» TASK DIRECTIONS: Start to finish, print the data below exactly, without the images.

» INFORMATION SUPPLIED:
● ● ●
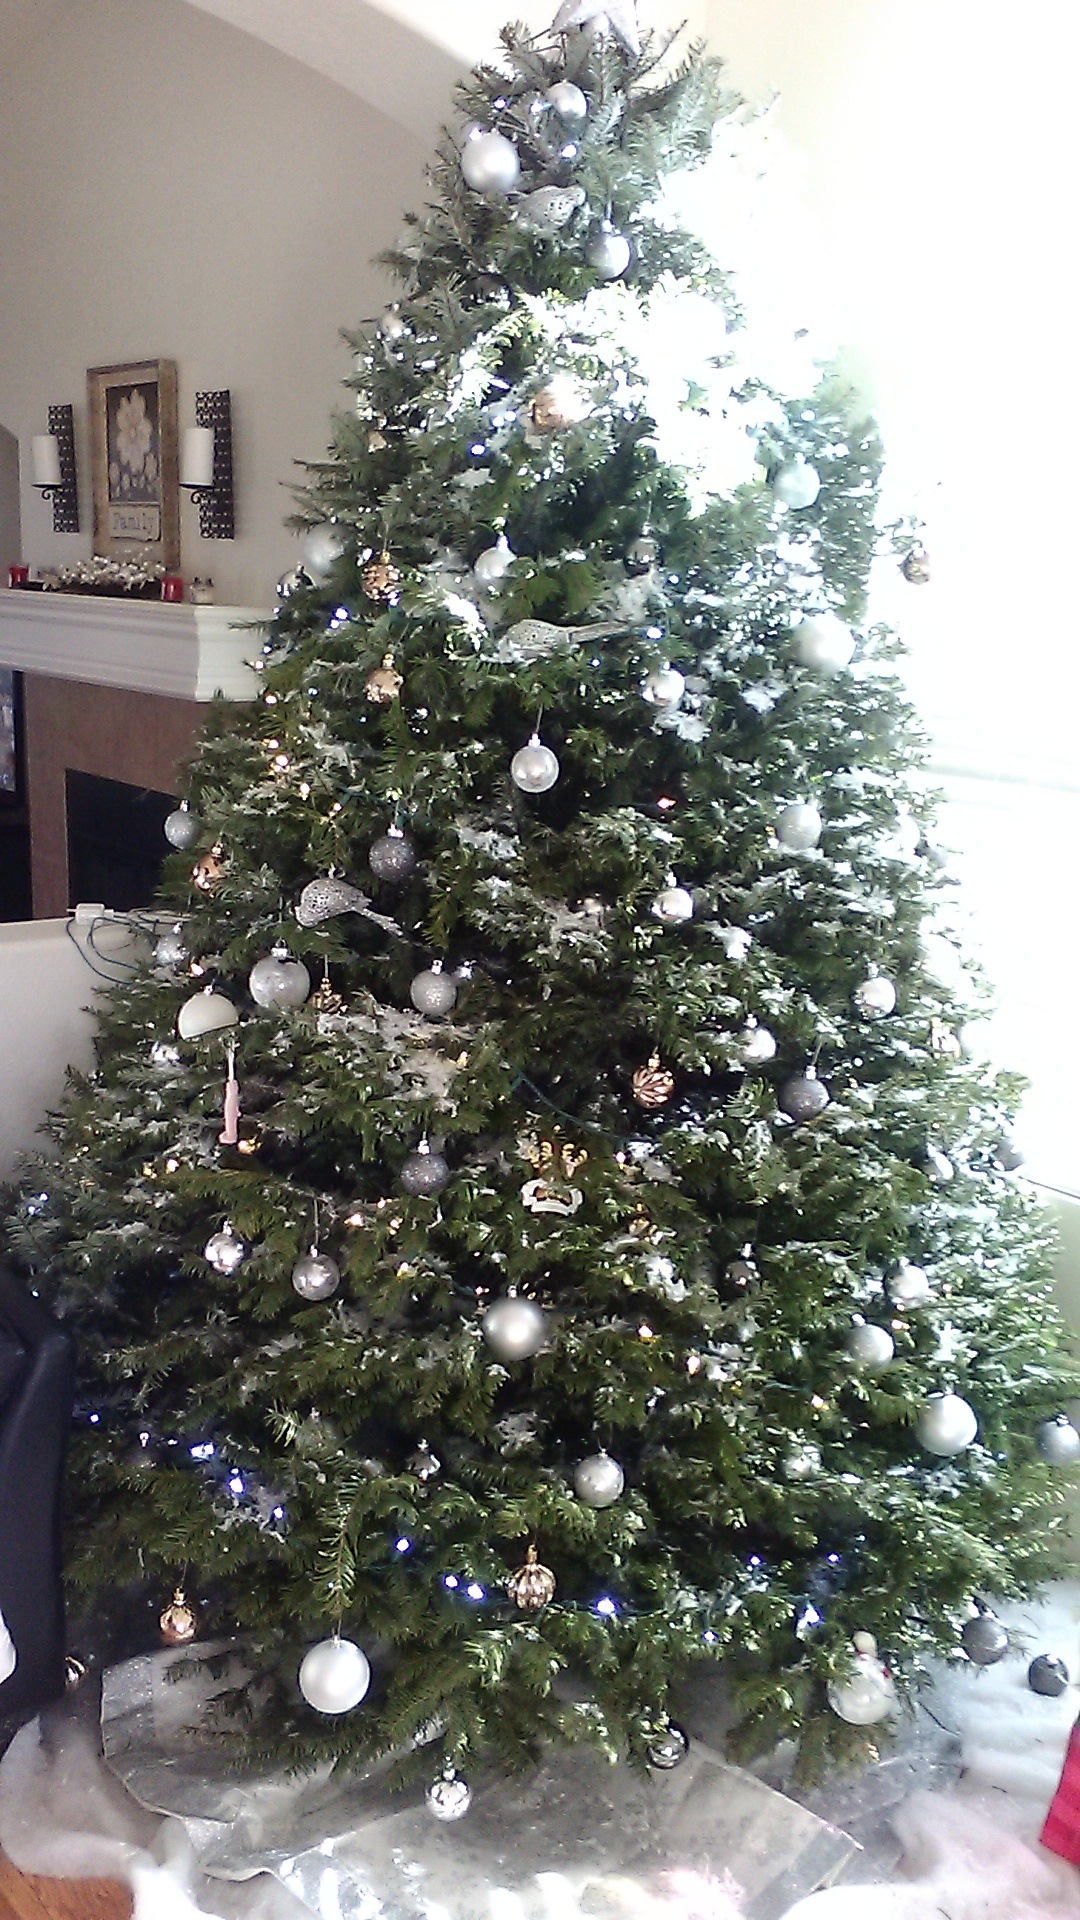 MERRY CHRISTMAS EVERYONE by Keri E. Carter
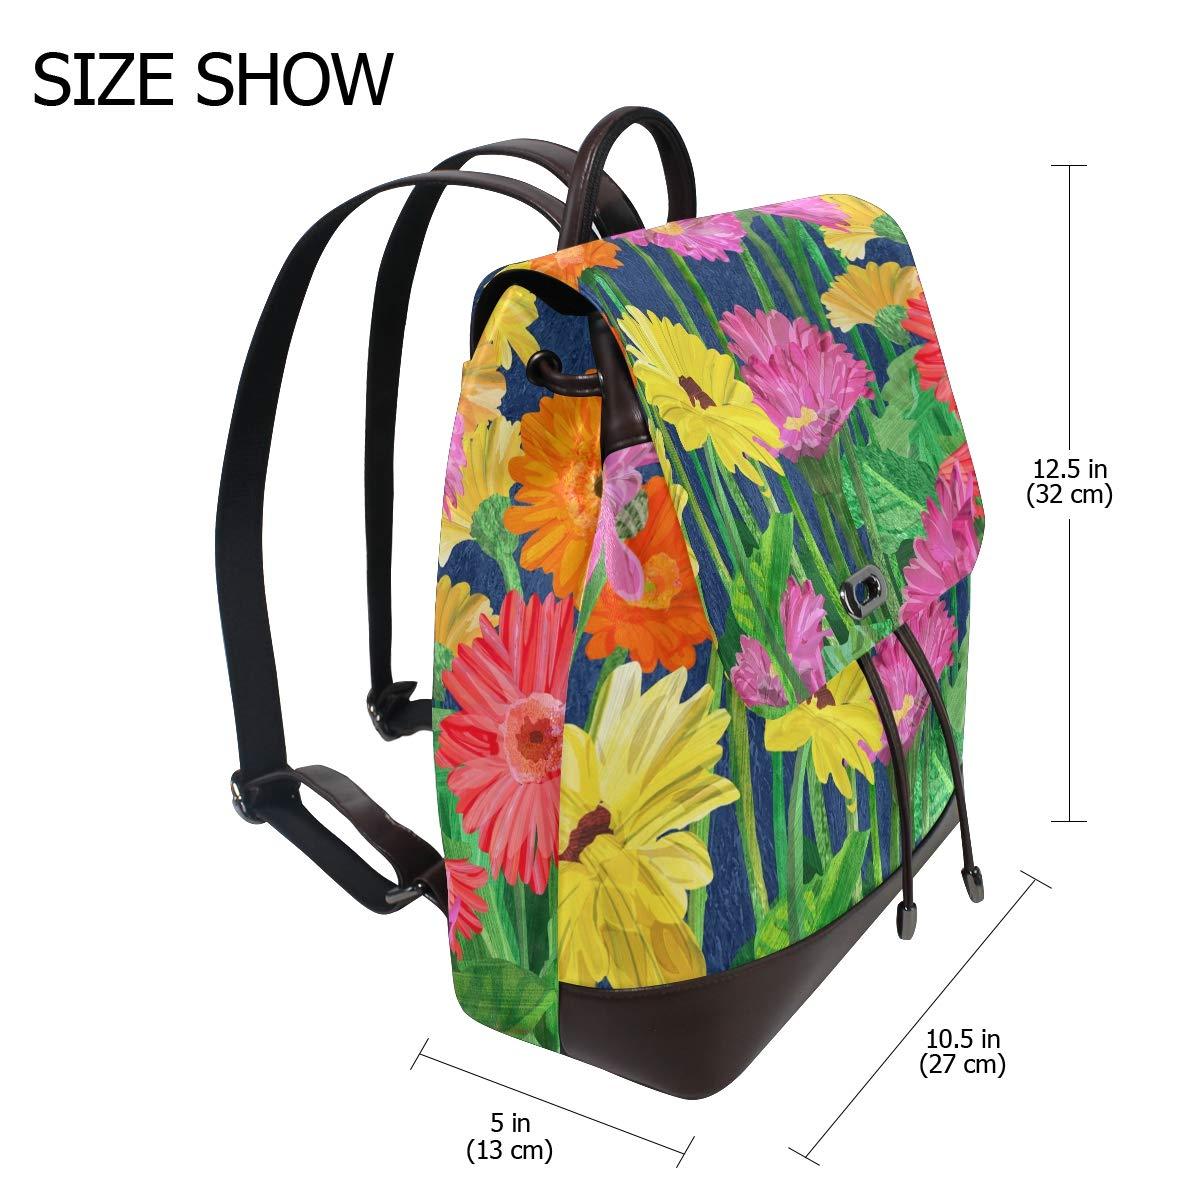 KEAKIA Women PU Leather Gerber Daisy Backpack Purse Travel School Shoulder Bag Casual Daypack
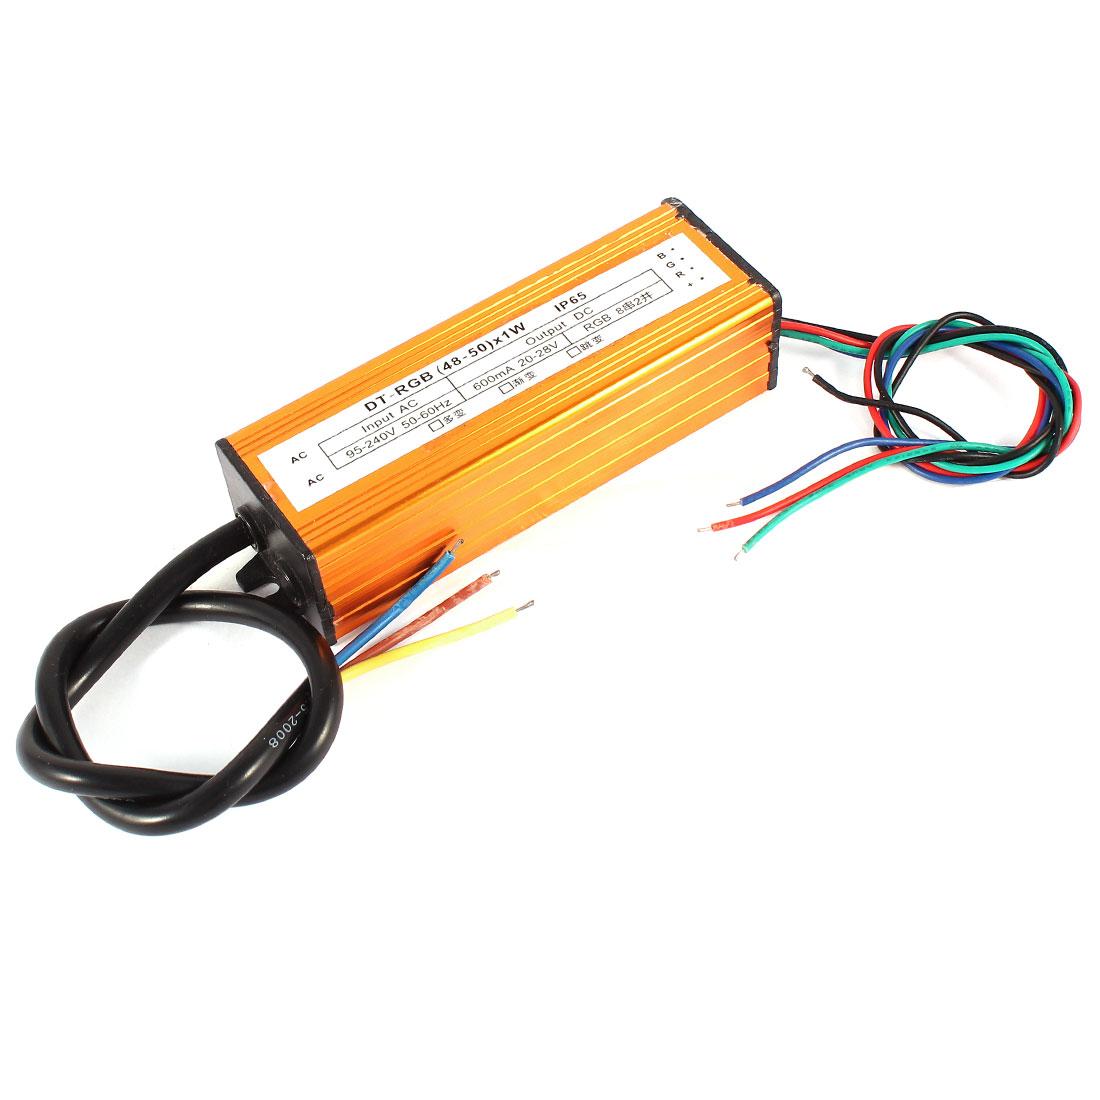 (48-50)x1W Waterproof LED Driver Transformer Power Supply for RGB Light Strip
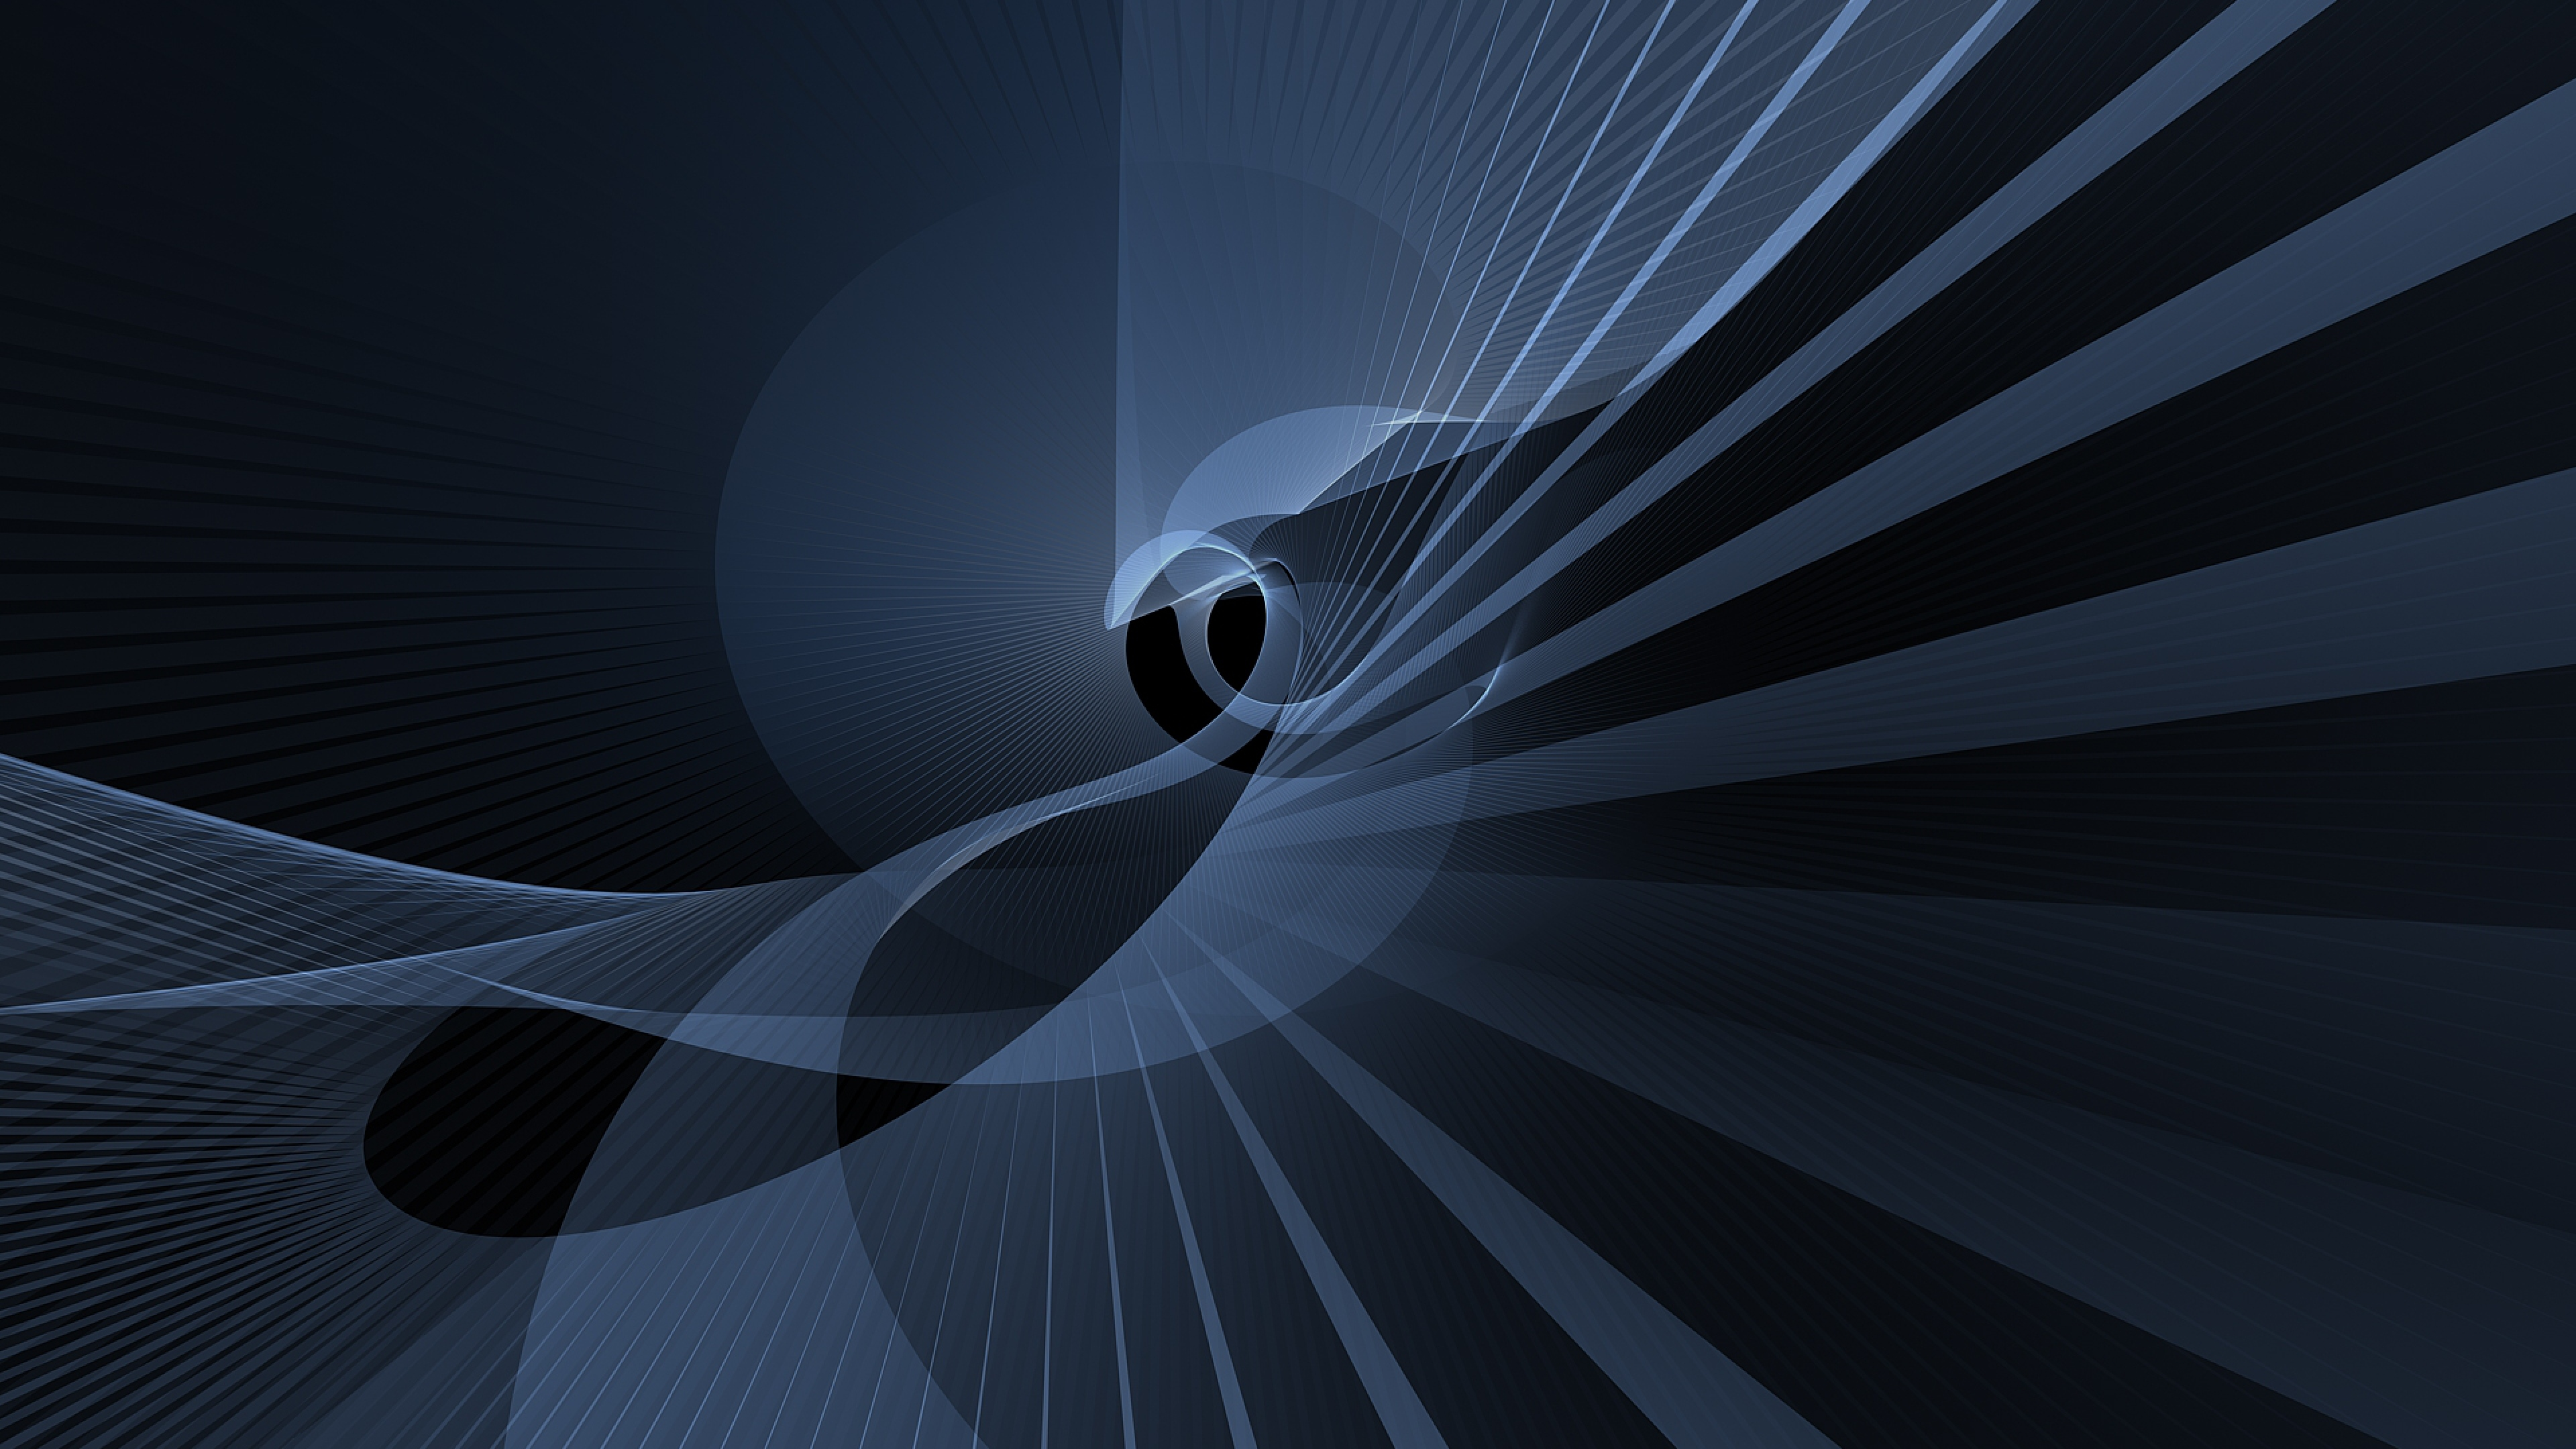 Wallpaper 3840x2160 Abstract Black White 4K Ultra HD HD Background 3840x2160
● ● ●
» TASK RESPONSE:
 MERRY CHRISTMAS EVERYONE by Keri E. Carter
 KEAKIA Women PU Leather Gerber Daisy Backpack Purse Travel School Shoulder Bag Casual Daypack
 (48-50)x1W Waterproof LED Driver Transformer Power Supply for RGB Light Strip
 Wallpaper 3840x2160 Abstract Black White 4K Ultra HD HD Background 3840x2160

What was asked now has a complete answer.